◆ **Your assignment**
When you reach the line containing "MBS + NYC |" in the records below, start copying exactly, and stop once you have copied the line containing "CraigChristine Boughton Golf".

◆ **Source data**
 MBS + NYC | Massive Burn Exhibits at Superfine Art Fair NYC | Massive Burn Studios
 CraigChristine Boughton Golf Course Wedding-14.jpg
==
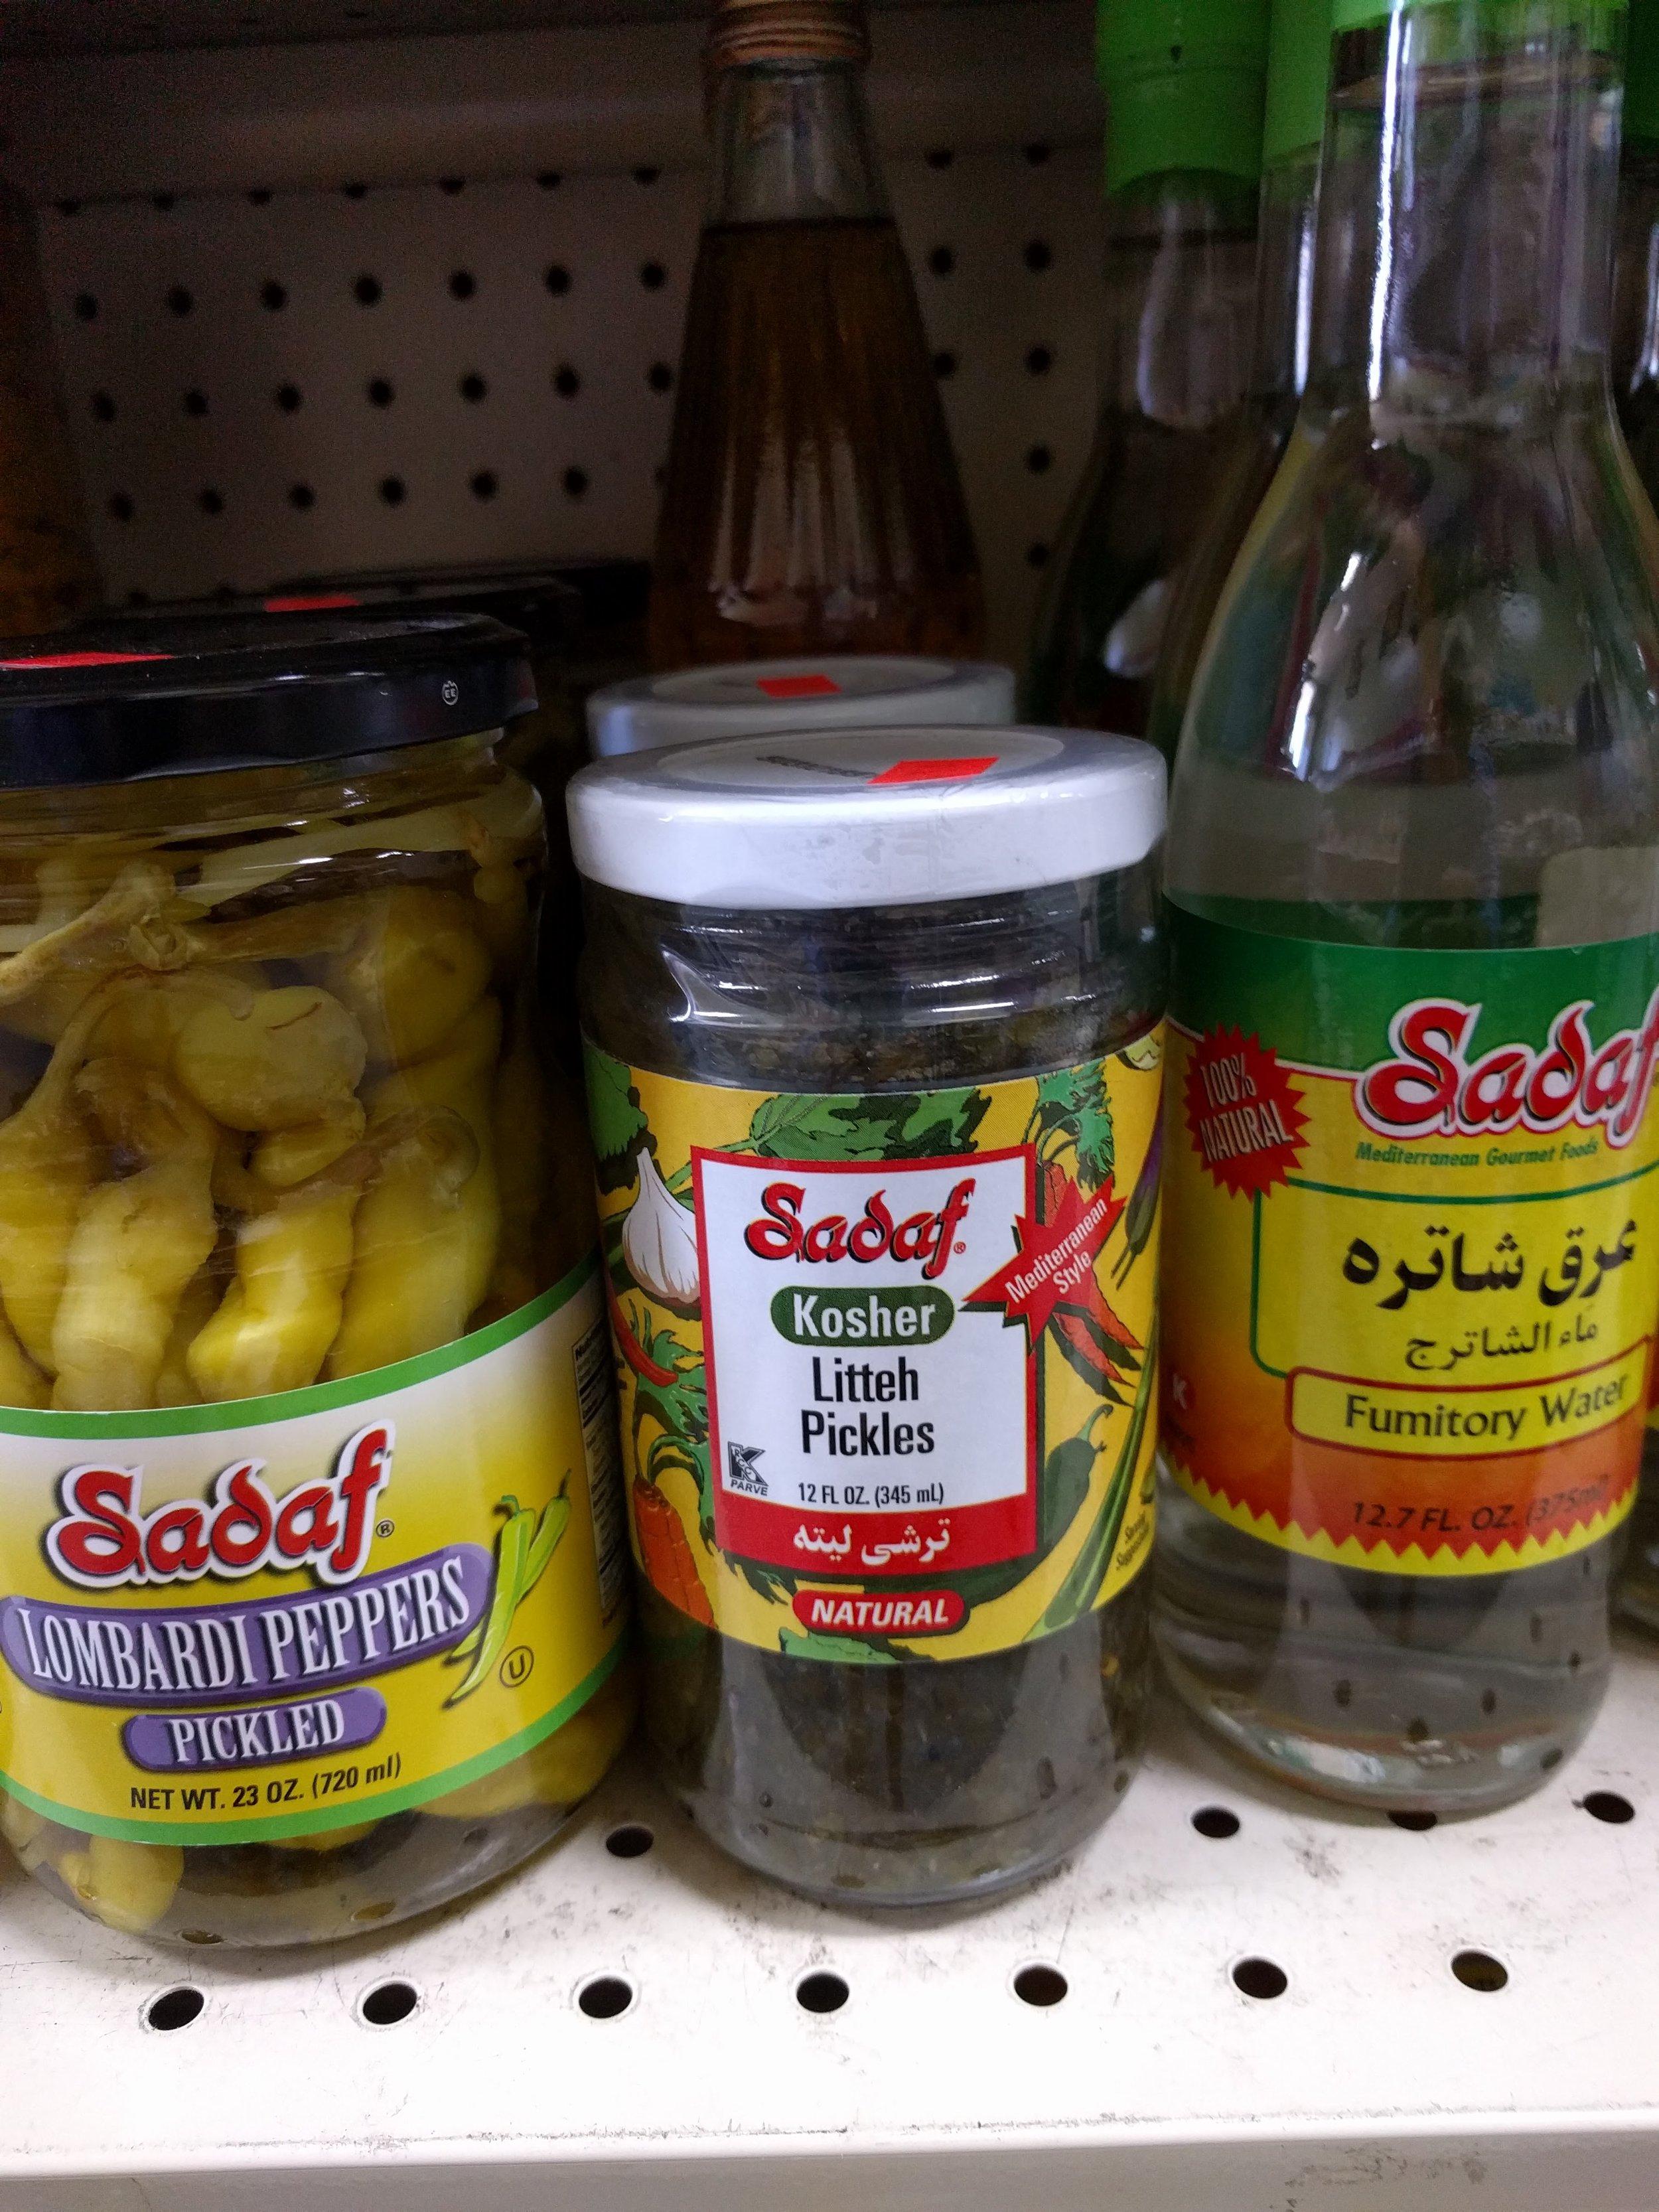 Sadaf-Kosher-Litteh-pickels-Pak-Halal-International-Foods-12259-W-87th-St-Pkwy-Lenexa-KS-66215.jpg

◆ **Response area**
 MBS + NYC | Massive Burn Exhibits at Superfine Art Fair NYC | Massive Burn Studios
 CraigChristine Boughton Golf Course Wedding-14.jpg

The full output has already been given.